The new life insurance business took a strong start with robust growth in its second year of operations. Profit after tax grew 106% to Kshs.321 million while total insurance assets grew by 288% to close at Kshs.20.8 billion while return on average Equity grew 25% to 54% up from 43% whilst posting a positive Insurance Service Result, indicative of strong underwriting practices.

This confirms that there is a significant opportunity in insurance by providing relevant, innovative and technology driven solutions to the underserved.

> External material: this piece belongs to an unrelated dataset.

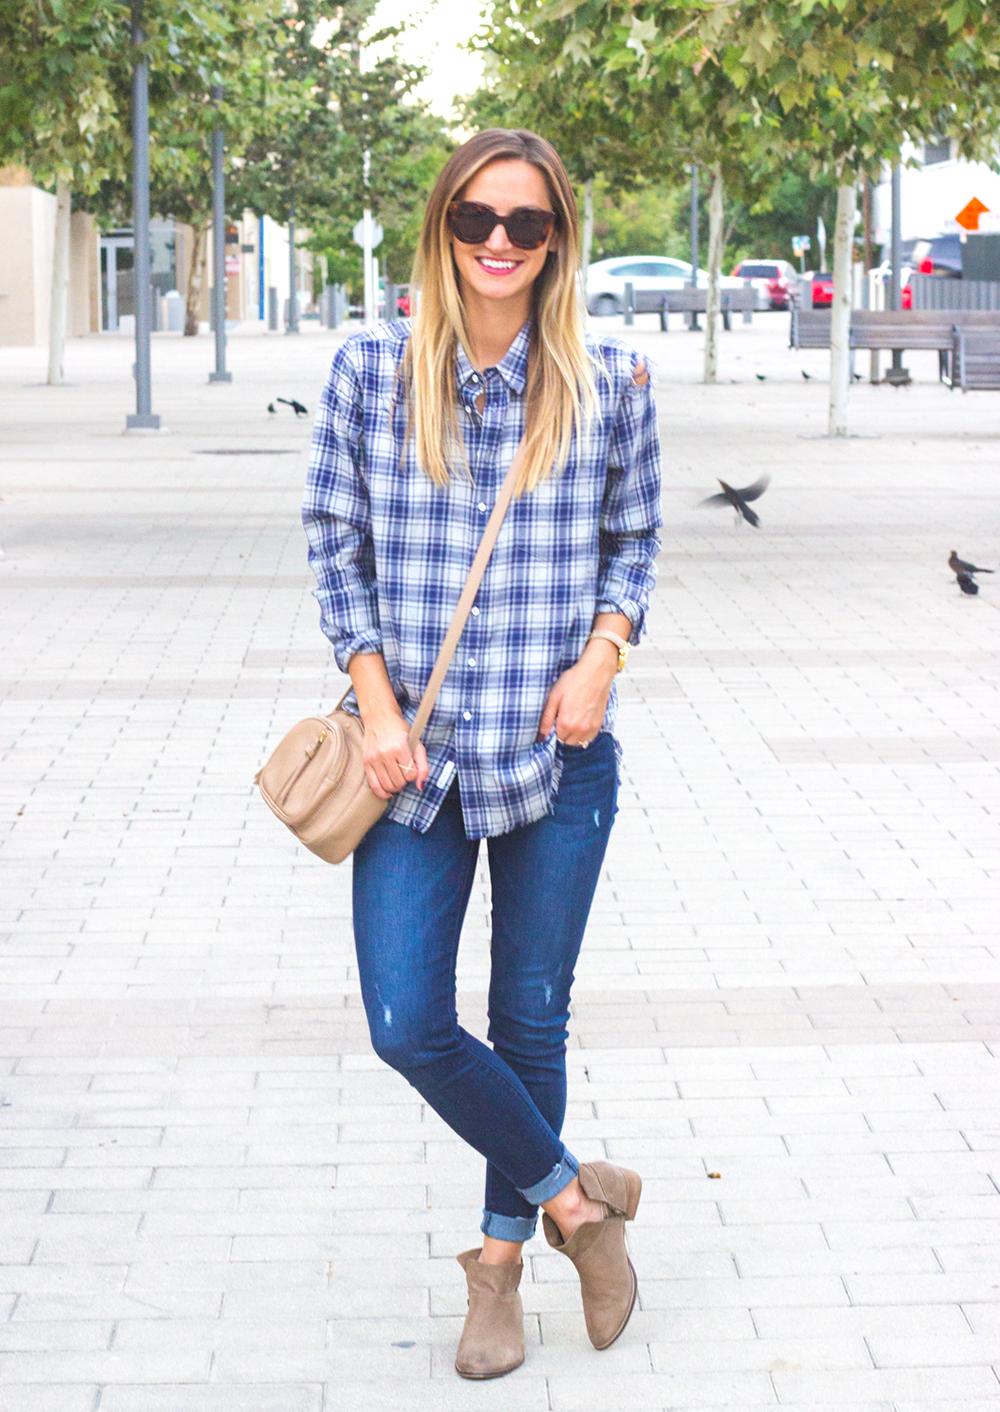 livvyland-blog-olivia-watson-dl1961-emma-barbwire-jeans-blue-shirt-shop-kelly-wynne-dear-512-handbag-4

Also, the Equity brand has become synonymous with financial services, banking and insurance, education through Wings to Fly scholarships and the Equity Leaders Program, championing access in health through Equity Afia Medical Centers, Agriculture through Kilimo Biashara program, entrepreneurship through Young Africa Works Program and sustainability through social safety net cash payments programs, tree planting and clean energy transitions.